**Data extract**.
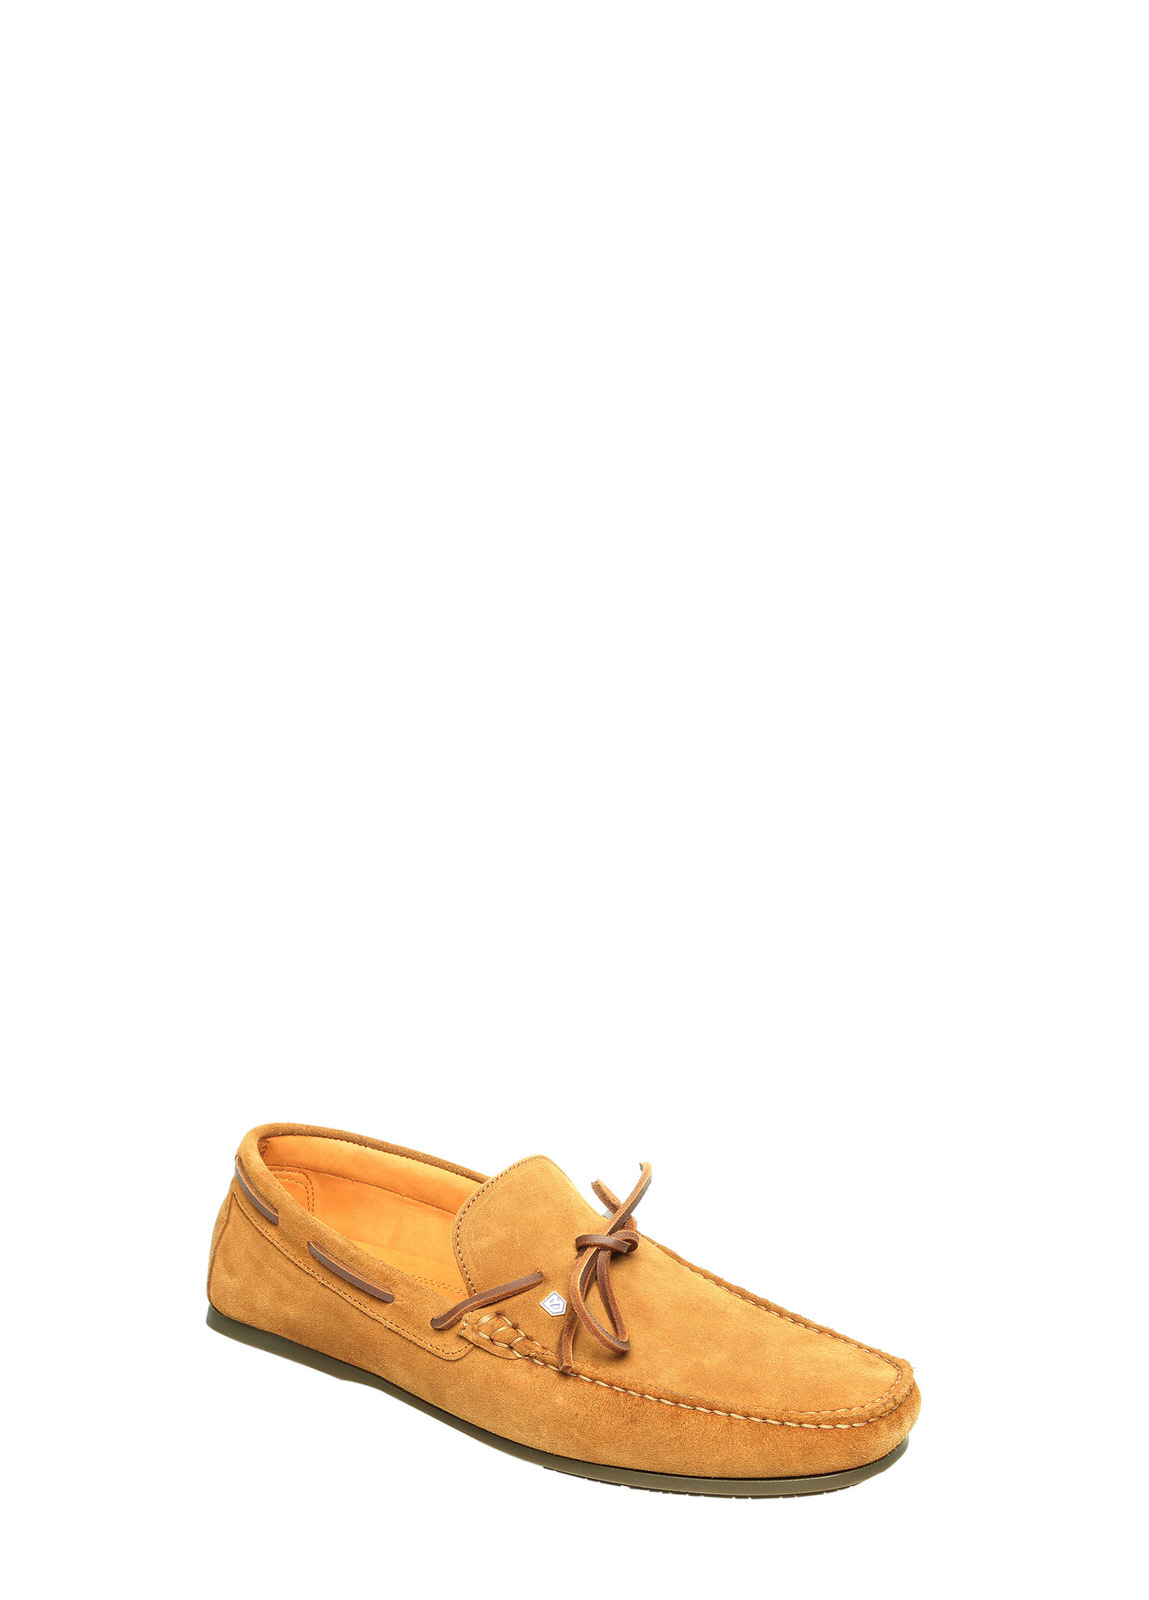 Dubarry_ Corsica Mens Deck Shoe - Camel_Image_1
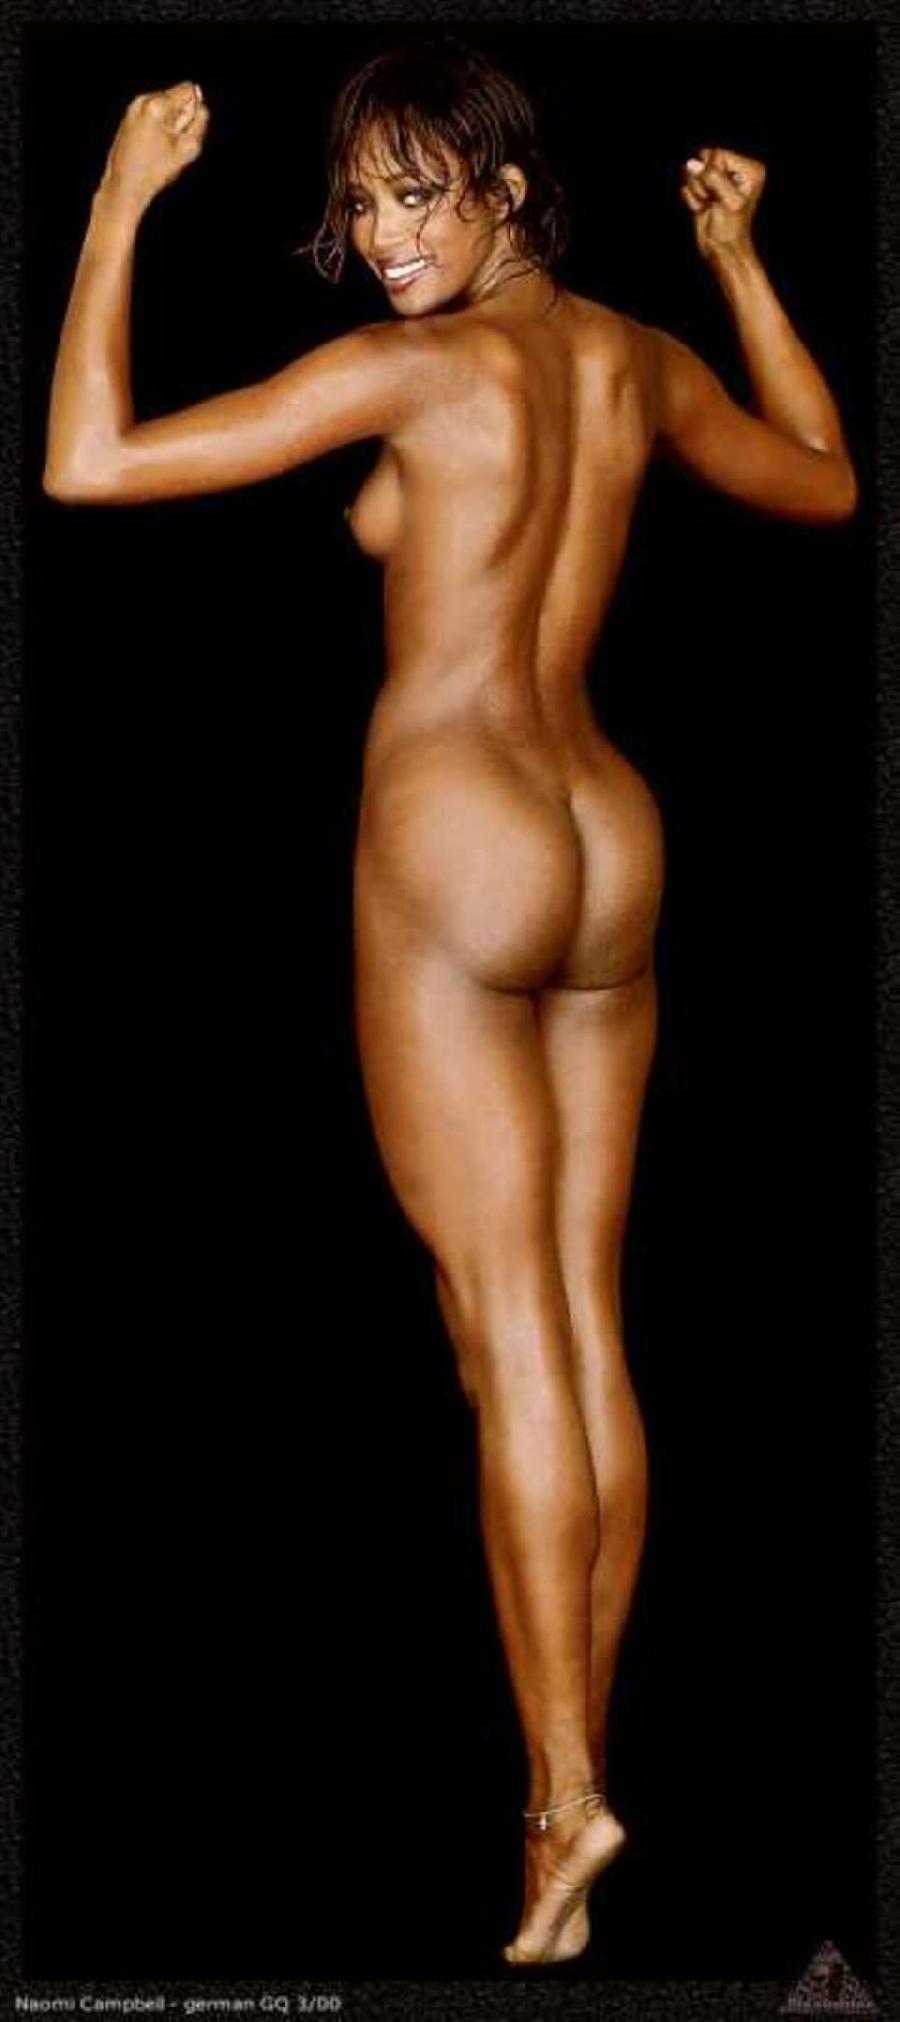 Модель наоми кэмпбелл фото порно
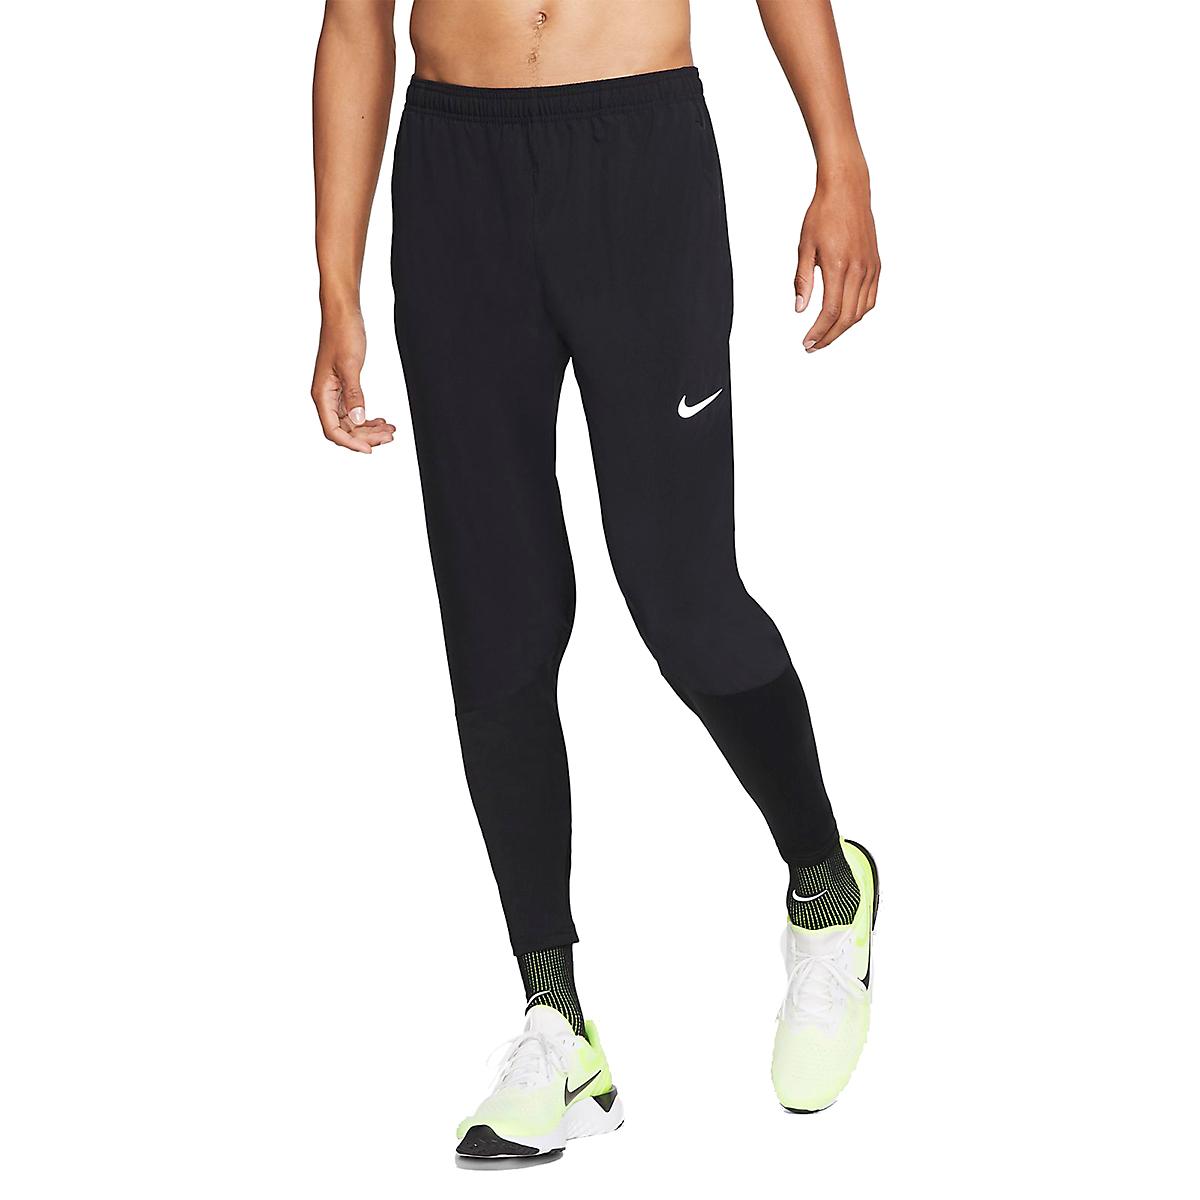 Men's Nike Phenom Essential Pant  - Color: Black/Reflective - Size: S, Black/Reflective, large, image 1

**Exercise brief**. Quote the material exactly. Pictures stay out.

**Result of the exercise**.
 Dubarry_ Corsica Mens Deck Shoe - Camel_Image_1
 Модель наоми кэмпбелл фото порно
 Men's Nike Phenom Essential Pant  - Color: Black/Reflective - Size: S, Black/Reflective, large, image 1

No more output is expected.